Ambassador of South Africa to South Korea
- Incumbent
- Assumed office October 2019
- President: Cyril Ramaphosa

High Commissioner of South Africa to Mauritius
- In office May 2017 – October 2019
- President: Cyril Ramaphosa

Ambassador of South Africa to Argentina
- In office October 2012 – May 2017
- President: Jacob Zuma
- Preceded by: Tony Leon
- Succeeded by: Vacant

First Lady of South Africa
- In office 10 May 1994 – 18 July 1998 Serving with Zindzi Mandela (sister)
- President: Nelson Mandela (father)
- Preceded by: Marike de Klerk
- Succeeded by: Graça Machel (step-mother)

Personal details
- Born: Zenani Mandela 4 February 1959 (age 67)
- Spouse: Prince Thumbumuzi Dlamini ​ ​(m. 1977; sep. 1990)​
- Children: 4, including Prince Zinhle
- Parent(s): Nelson Mandela Winnie Madikizela-Mandela
- Relatives: Zindzi Mandela-Hlongwane (sister) Thembekile Mandela (half-brother) Makgatho Mandela (half-brother) Makaziwe Mandela (half-sister) Prince Cedza Dlamini (step-son) Zoleka Mandela (niece)

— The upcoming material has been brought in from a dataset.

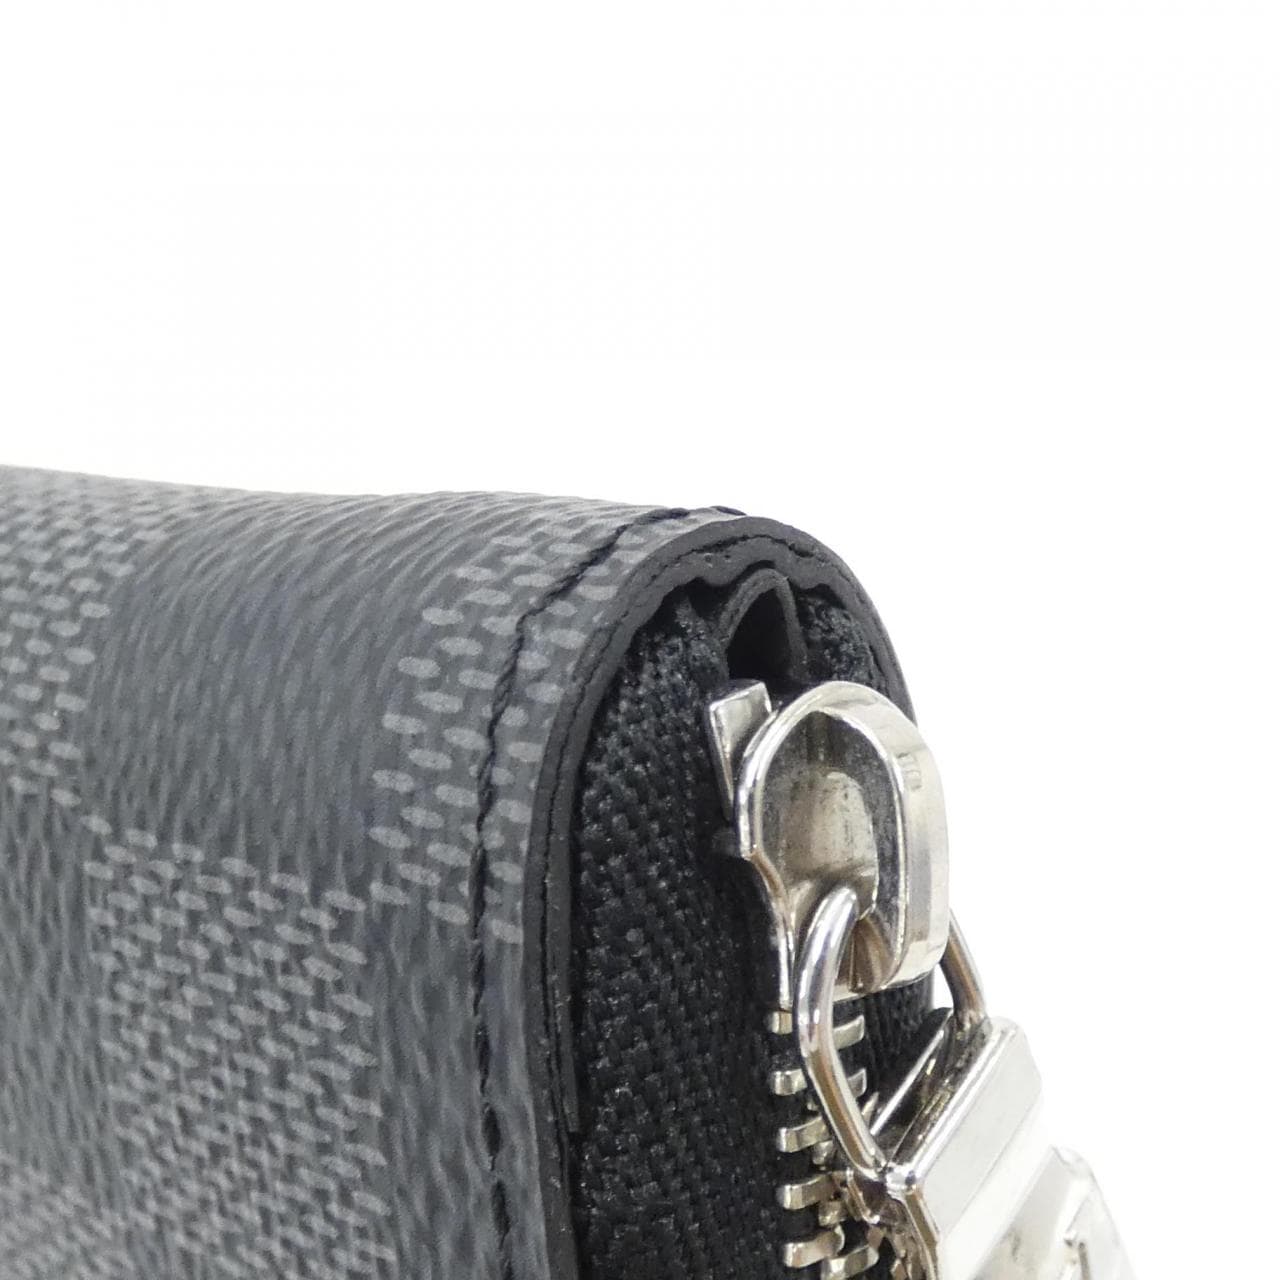 LOUIS VUITTON. Round coin purse in black denim canvas, m… | Drouot.com

= Zenani Mandela-Dlamini =

South African diplomat

Princess Zenani Mandela-Dlamini (née Mandela; born 4 February 1959) is a South African diplomat and traditional aristocrat. She is the sister-in-law of the King of Eswatini, Mswati III, and the daughter of Nelson Mandela and his former wife, Winnie Mandela.

==Early life==

Zenani Mandela was born into a family of chieftains. Her father, Nelson, was a direct descendant of the holders of the kingship of the Thembu people and was himself the heir to the chieftaincy of Mvezo. His grandson, Zenani's nephew Mandla, eventually succeeded to the latter title.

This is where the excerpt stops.